Published: Sun 5 Jul 2020 07:28 AM
The human rights nightmare has now a face with the newly signed Anti-Terrorism Bill, international Indigenous Peoples (IP) group said, as the Philippine government announced that President Rodrigo Duterte finally signed the bill into law on June 2.
“If the Philippine government will remain deaf to the grave concerns by Indigenous Peoples (IP), ordinary citizens and civil society groups, and even the international uproar against this draconian law, then we are ready to step up our solidarity in defense of rights and freedoms,” asserted Beverly Longid, Global Coordinator of International Indigenous Peoples Movement for Self-determination and Liberation (IPMSDL) which is based in the Philippines.
On the opening of the 44th regular session of the UN Human Rights Council (UNHRC), UN High Commissioner for Human Rights Michelle Bachelet asked Duterte not to sign the said bill as it raises “concerns on the blurring of important distinctions between criticism, criminality and terrorism.”
Nine UN Special Procedures also expressed “serious concerns regarding the protection and promotion … of fundamental human rights” on the Anti-Terrorism Act of 2020 in a recently published official communication to the Philippine government.
“Many of the Indigenous leaders, our member organizations, and indigenous communities have been targeted by the terrorist-tagging operations of State armed forces and by government officials. With this law, these attacks will be legalized and any safeguards will be removed especially for IP human rights defenders,” Longid added.

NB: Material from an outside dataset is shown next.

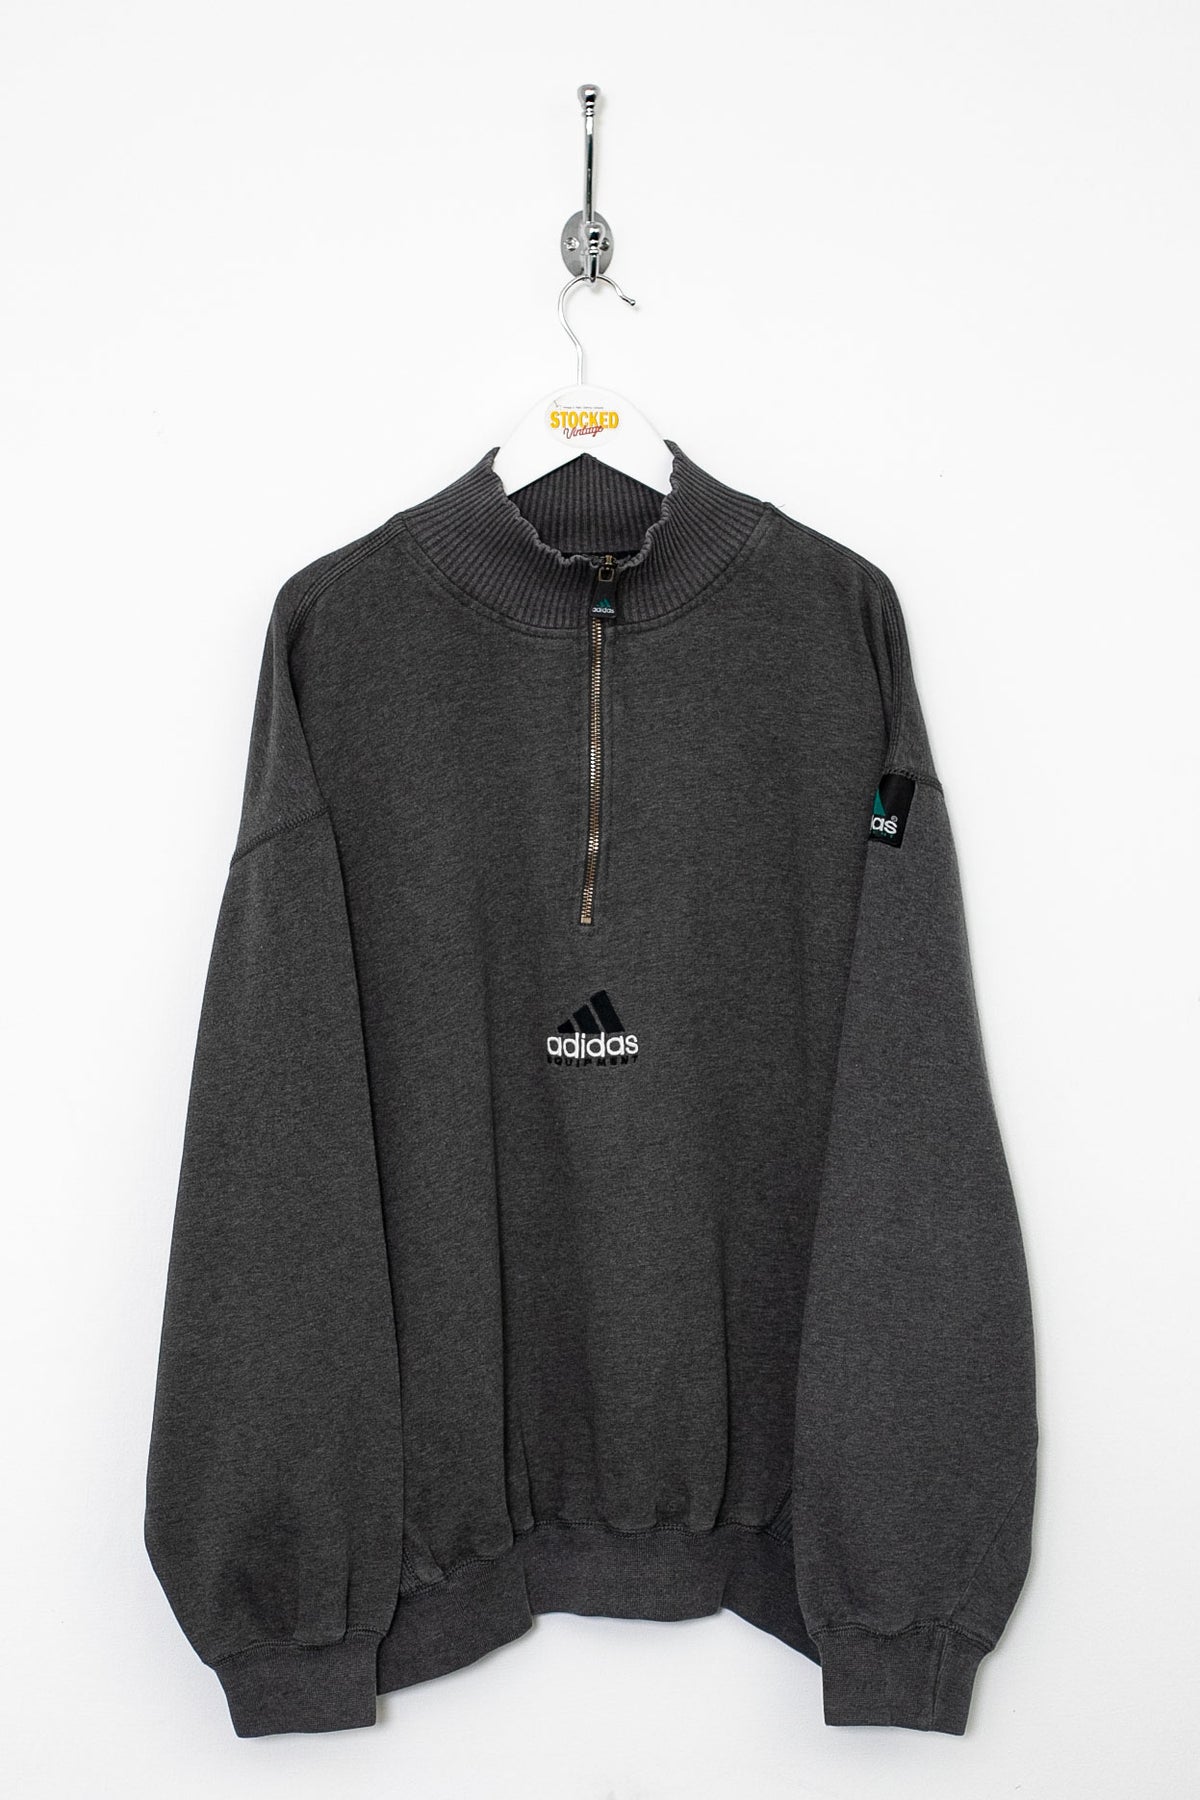 00s Adidas Equipment 1/4 Zip Sweatshirt (XL)

In 2018, Longid with several indigenous leaders were named in a petition by the Department of Justice to proscribe the Communist Party of the Philippines and New People’s Army (CPP-NPA) as terrorist organizations. Last June, the Cordillera police’s office issued a communication again implying her link with the revolutionary NPA armed group.
Longid feared that the law would be another weapon to silence critics of corporate and State-sponsored plunder of indigenous territories and resources. “Even the government commission NCIP supposedly looking at IP rights and defending ancestral lands has been in denial, if not complicit, to the murders, massive displacement and criminalization caused by the state’s counter-insurgency and anti-terrorism warfare,” she added.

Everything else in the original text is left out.